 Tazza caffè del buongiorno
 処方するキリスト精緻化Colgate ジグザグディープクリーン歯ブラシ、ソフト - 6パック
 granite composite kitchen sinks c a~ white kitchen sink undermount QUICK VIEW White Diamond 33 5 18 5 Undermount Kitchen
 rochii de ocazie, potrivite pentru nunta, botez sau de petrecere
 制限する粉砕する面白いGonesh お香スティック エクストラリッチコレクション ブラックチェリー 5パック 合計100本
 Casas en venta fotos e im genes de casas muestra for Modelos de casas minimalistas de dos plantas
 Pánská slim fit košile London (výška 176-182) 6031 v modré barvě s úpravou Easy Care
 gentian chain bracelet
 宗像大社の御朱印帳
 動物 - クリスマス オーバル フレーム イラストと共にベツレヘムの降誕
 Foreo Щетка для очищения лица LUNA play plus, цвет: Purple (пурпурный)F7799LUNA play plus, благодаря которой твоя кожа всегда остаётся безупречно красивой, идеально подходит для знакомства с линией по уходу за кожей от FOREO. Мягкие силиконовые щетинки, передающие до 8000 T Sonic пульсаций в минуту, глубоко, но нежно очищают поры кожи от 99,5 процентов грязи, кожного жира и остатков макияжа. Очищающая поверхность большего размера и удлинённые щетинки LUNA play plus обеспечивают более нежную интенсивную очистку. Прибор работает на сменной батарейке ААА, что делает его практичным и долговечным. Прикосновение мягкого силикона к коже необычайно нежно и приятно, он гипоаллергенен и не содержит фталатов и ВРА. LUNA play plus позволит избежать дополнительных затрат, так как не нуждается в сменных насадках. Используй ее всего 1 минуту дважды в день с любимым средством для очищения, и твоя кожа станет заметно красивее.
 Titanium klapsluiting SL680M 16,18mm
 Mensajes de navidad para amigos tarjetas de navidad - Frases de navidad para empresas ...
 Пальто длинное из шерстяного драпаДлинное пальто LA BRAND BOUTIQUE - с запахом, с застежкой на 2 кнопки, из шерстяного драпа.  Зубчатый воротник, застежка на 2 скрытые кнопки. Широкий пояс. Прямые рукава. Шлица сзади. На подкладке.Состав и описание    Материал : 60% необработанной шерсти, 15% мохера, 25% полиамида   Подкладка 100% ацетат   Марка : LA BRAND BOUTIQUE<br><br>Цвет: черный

# Description of the task
Nothing but the lines from the one containing "gentian chain bracelet" to the last line of the listing above belongs in the answer; restate each word for word.

# Expected answer
 gentian chain bracelet
 宗像大社の御朱印帳
 動物 - クリスマス オーバル フレーム イラストと共にベツレヘムの降誕
 Foreo Щетка для очищения лица LUNA play plus, цвет: Purple (пурпурный)F7799LUNA play plus, благодаря которой твоя кожа всегда остаётся безупречно красивой, идеально подходит для знакомства с линией по уходу за кожей от FOREO. Мягкие силиконовые щетинки, передающие до 8000 T Sonic пульсаций в минуту, глубоко, но нежно очищают поры кожи от 99,5 процентов грязи, кожного жира и остатков макияжа. Очищающая поверхность большего размера и удлинённые щетинки LUNA play plus обеспечивают более нежную интенсивную очистку. Прибор работает на сменной батарейке ААА, что делает его практичным и долговечным. Прикосновение мягкого силикона к коже необычайно нежно и приятно, он гипоаллергенен и не содержит фталатов и ВРА. LUNA play plus позволит избежать дополнительных затрат, так как не нуждается в сменных насадках. Используй ее всего 1 минуту дважды в день с любимым средством для очищения, и твоя кожа станет заметно красивее.
 Titanium klapsluiting SL680M 16,18mm
 Mensajes de navidad para amigos tarjetas de navidad - Frases de navidad para empresas ...
 Пальто длинное из шерстяного драпаДлинное пальто LA BRAND BOUTIQUE - с запахом, с застежкой на 2 кнопки, из шерстяного драпа.  Зубчатый воротник, застежка на 2 скрытые кнопки. Широкий пояс. Прямые рукава. Шлица сзади. На подкладке.Состав и описание    Материал : 60% необработанной шерсти, 15% мохера, 25% полиамида   Подкладка 100% ацетат   Марка : LA BRAND BOUTIQUE<br><br>Цвет: черный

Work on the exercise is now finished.